Une participante latino-américaine [P2LA] a quant à elle affirmé l’importance qu’il y ait un organisme de la sorte, qui ne soit pas un « centre de discrimination », puisque cela offre une alternative à la police où les citoyens peuvent aller. En effet, selon la participante, la police serait parfois mal outillée pour ce genre de situation, et le centre offrirait alors à la population du soutien et de l’intervention selon le cas. En outre, un participant québécois [P9Q] a partagé qu’il aurait personnellement tendance à contacter le Centre pour un cas ayant l’apparence d’une forme d’extrémisme religieux, en mentionnant que la possibilité de faire un signalement de façon anonyme pourrait inciter à faire appel à son expertise.

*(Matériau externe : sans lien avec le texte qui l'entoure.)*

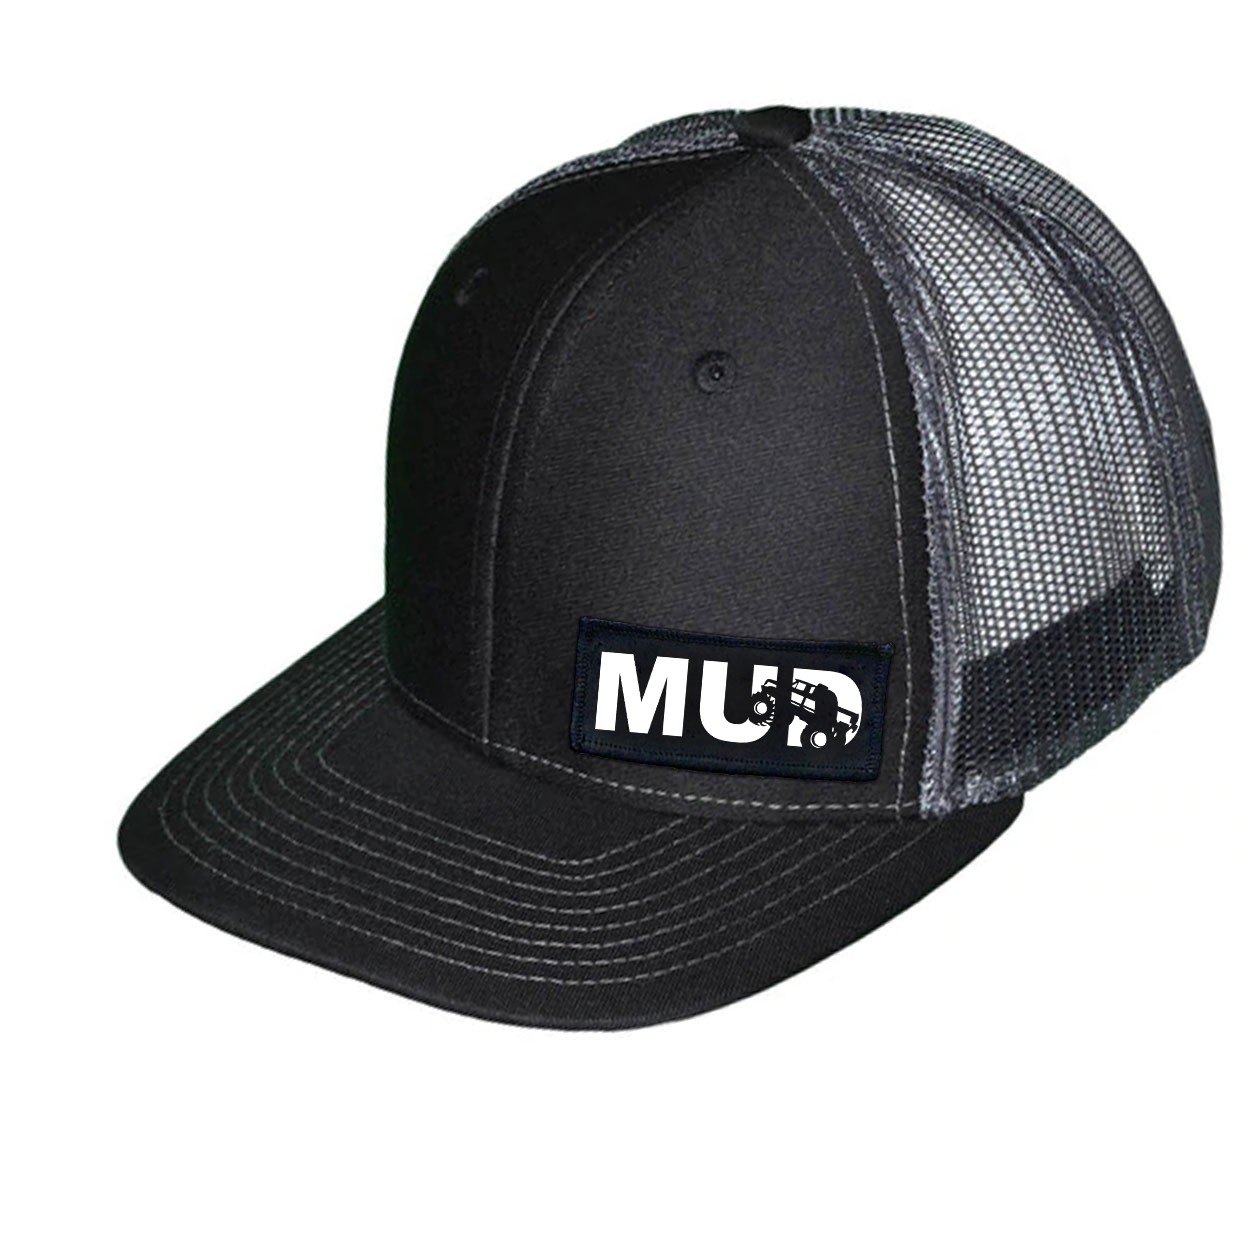 Mud Truck Logo Night Out Woven Patch Snapback Trucker Hat Black/Gray (White Logo)

Enfin, les participants ont manifesté différentes attitudes vis-à-vis du Centre, certains se montrant plus positifs, d’autres plus négatifs ou sceptiques, tandis que la plupart des répondants n’avaient pas les connaissances nécessaires afin de se prononcer sur cette nouvelle initiative. Si les attitudes peuvent s’avérer être, pour certains, des éléments déterminants de la volonté de contacter le CPRMV, les participants ont néanmoins invoqué une panoplie d’enjeux qui pourraient également influencer leur décision de contacter une ressource particulière dans un cas de radicalisation.